2. A construção do conceito de cidadania: da ideia moderna de cidadania à construção

2.2. Construção contemporânea da cidadania

A consideração teórica da cidadania infantil não pode ser iniciada sem, antes, ser enquadrada num conjunto mais vasto de discussões recentes acerca das mudanças observadas na cidadania no seu sentido mais genérico, e mais especificamente, nos modelos que a procuram teorizar. Parece também clara a necessidade de uma contextualização dessa mesma discussão. Referimo-nos à discussão da cidadania em sociedades consideradas democráticas e formalmente constituídas enquanto tal, assumindo-se como fundamentais os direitos de nacionalidade, de pertença a uma comunidade específica e com igualdade de direitos e deveres, num sentido mais abrangente. Obviamente tal não implica a ideia de democracias perfeitas nem tão pouco de vivências de cidadania igualmente distribuídas por todos os cidadãos, tal como se discutirá.

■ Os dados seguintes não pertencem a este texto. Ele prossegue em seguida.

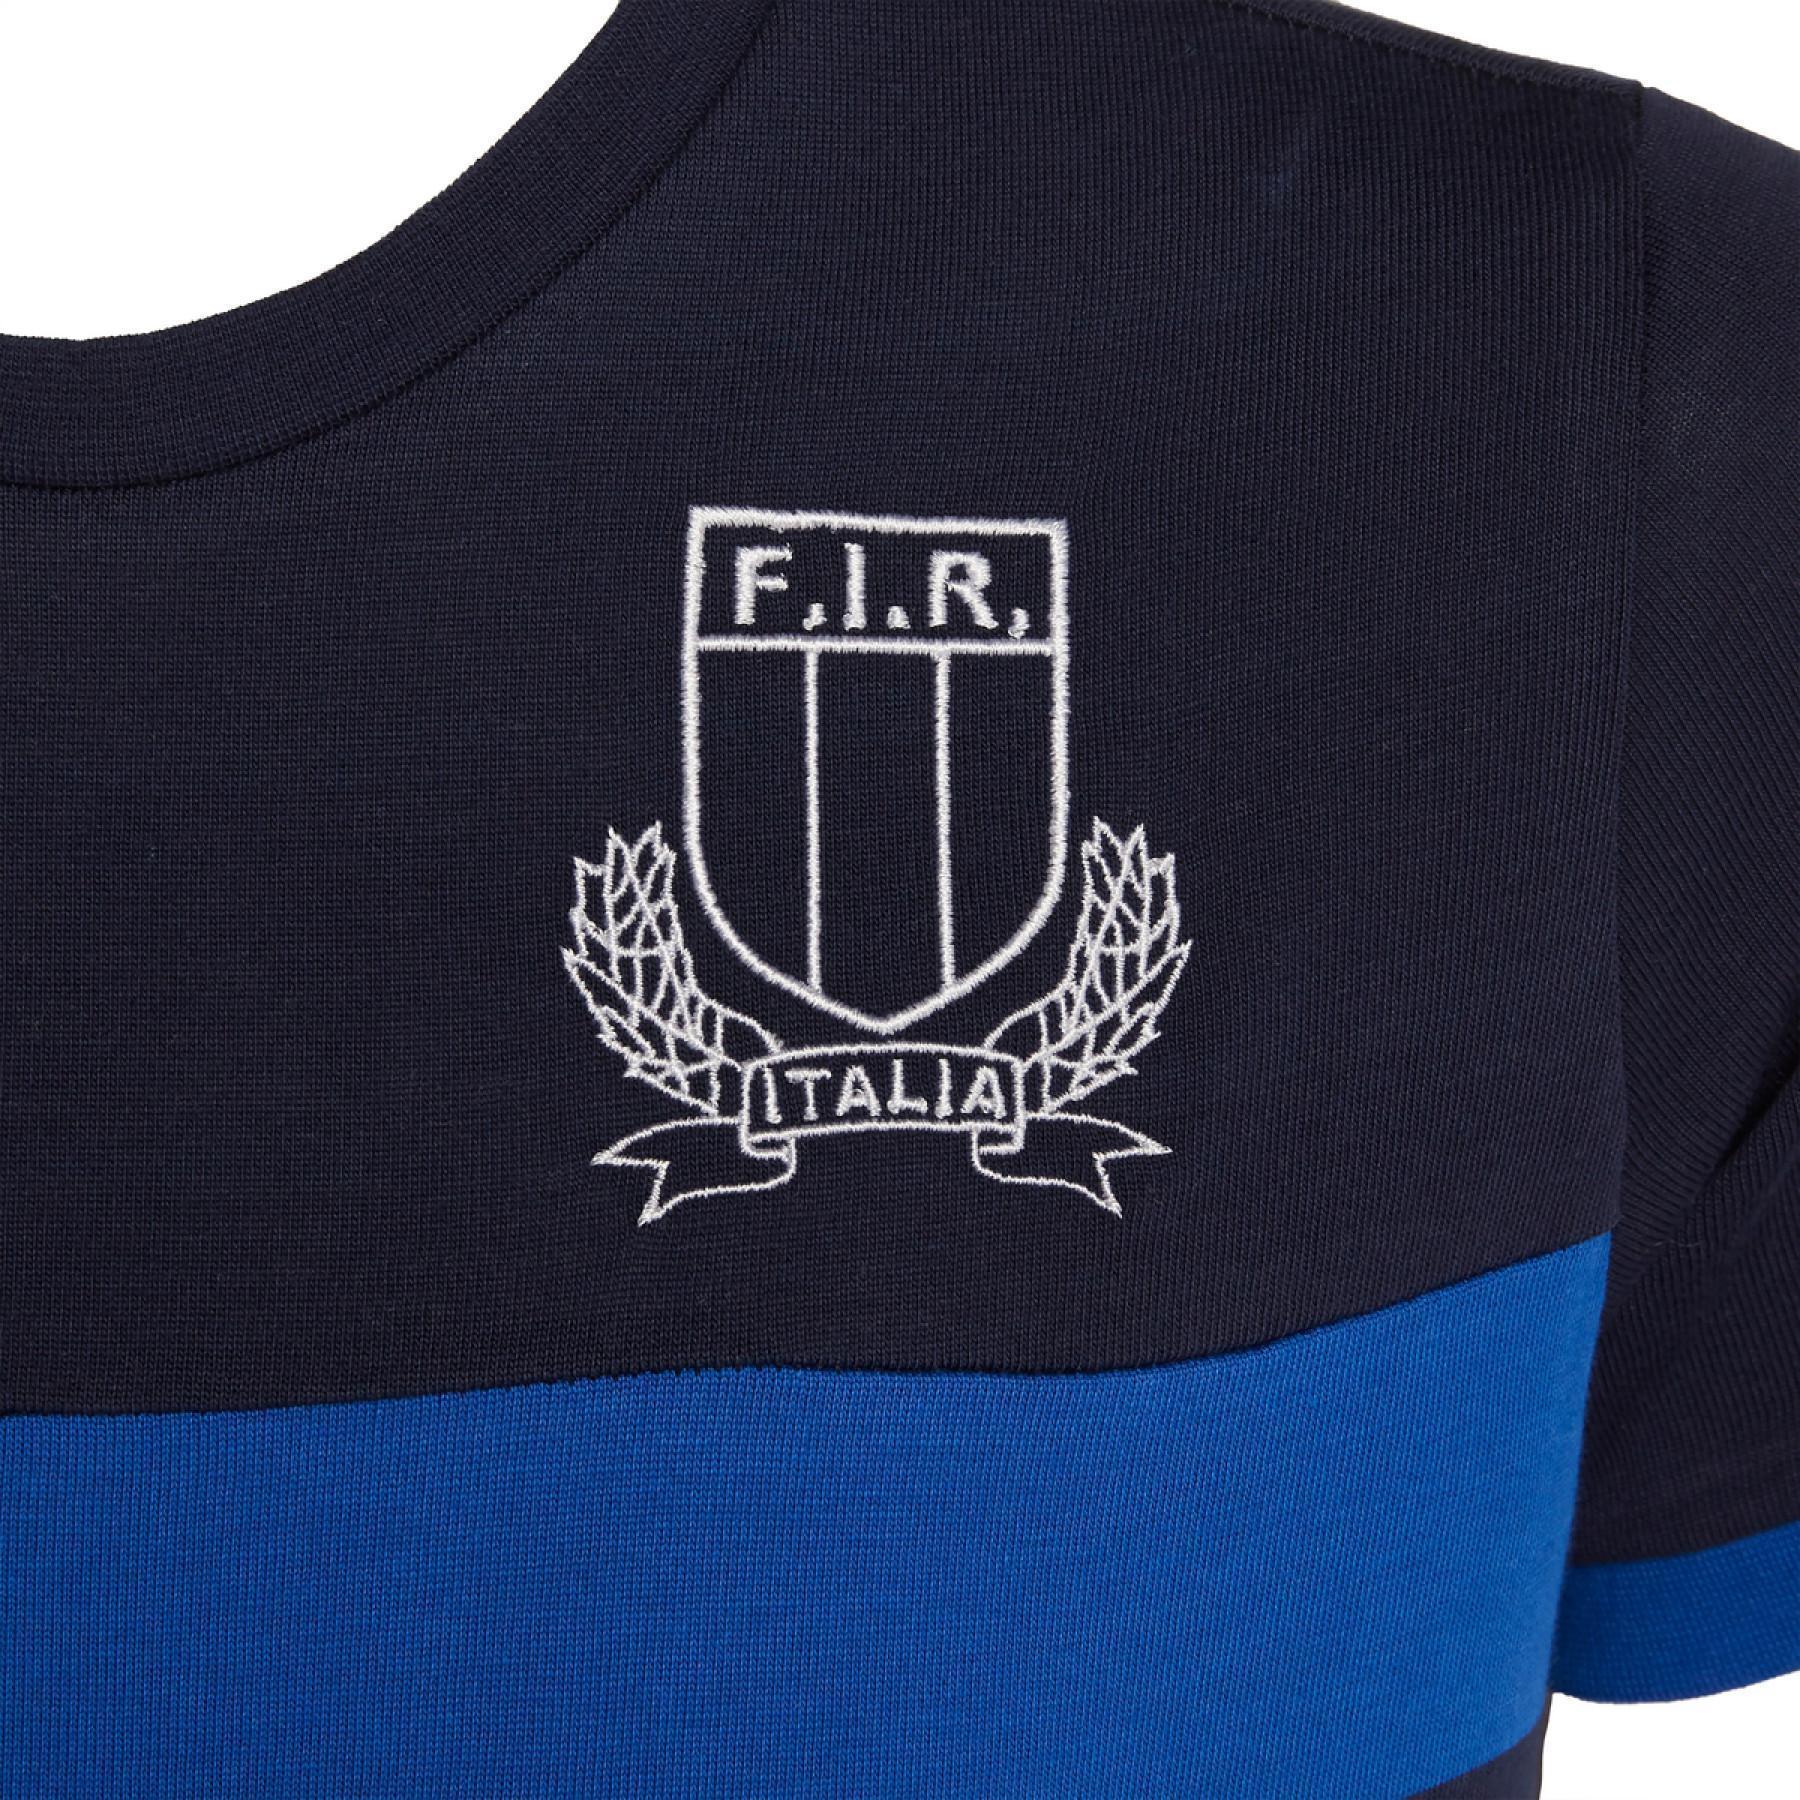 T-shirt criança en algodão Italie rugby 2019

Inserida no quadro das sociedades democráticas, fortemente globalizadas e assimétricas de diferentes pontos de vista, e associada aos discursos de decréscimo e enfraquecimento do exercício de direitos de cidadania – portanto, de direitos políticos no sentido mais lato – as reconfigurações de cidadania encontram-se no centro do debate. A reclamação de uma noção mais vasta e flexível, por exemplo estendendo-se não apenas ao domínio público mas também ao privado, implica a problematização das teorias da cidadania formal e a concetualização de uma cidadania ativa (Plummer, 2003; Lister, 2007, b)). Não mais pensada no sentido restrito ou clássico de uma correspondência estrita entre direitos e deveres e a capacidade de os reclamar e os cumprir (Marshall, 1950), respetivamente, a cidadania passa a incluir novas dimensões e categorias correspondentes às expressões que assumem no quadro de relações sociais mais específicas e mais complexas. É neste sentido que surgem as reivindicações da consideração de cidadanias universalistas, de cidadanias íntimas, cidadanias urbanas, na inclusão de franjas da população ou grupos geracionais que tradicionalmente se veem excluídas da possibilidade de exercício de uma cidadania plena. Os semi-cidadãos (Cohen, 2005) ocupam cada vez mais espaço na literatura contemporânea sobre

cidadania. Tal como afirma Jans (2004), a noção de cidadania ativa será vista mais como um processo do que como um conjunto standard de direitos e responsabilidades

Marshall e a visão moderna de cidadania

A cidadania moderna e os seus estudos datam de finais da Segunda Grande Guerra. Marshall (1950) argumentou que a forma prevalente de cidadania em meados do século XX era um conjunto de direitos e obrigações excessivamente limitada e formalizada. Via a distância entre classes em Inglaterra como um impedimento para o exercício da cidadania cívica. O impulso normativo da cidadania moderna levou à criação e extensão de programas sociais e a um esforço para expandir os direitos a saúde, educação, segurança social, e cuidados de saúde. O rápido crescimento económico no pós-guerra aconteceu no estádio pós moderno de cidadania. Gerou um sentido geral de bem-estar material na maioria do mundo industrializado, levando a uma “mudança cultural” e de valores.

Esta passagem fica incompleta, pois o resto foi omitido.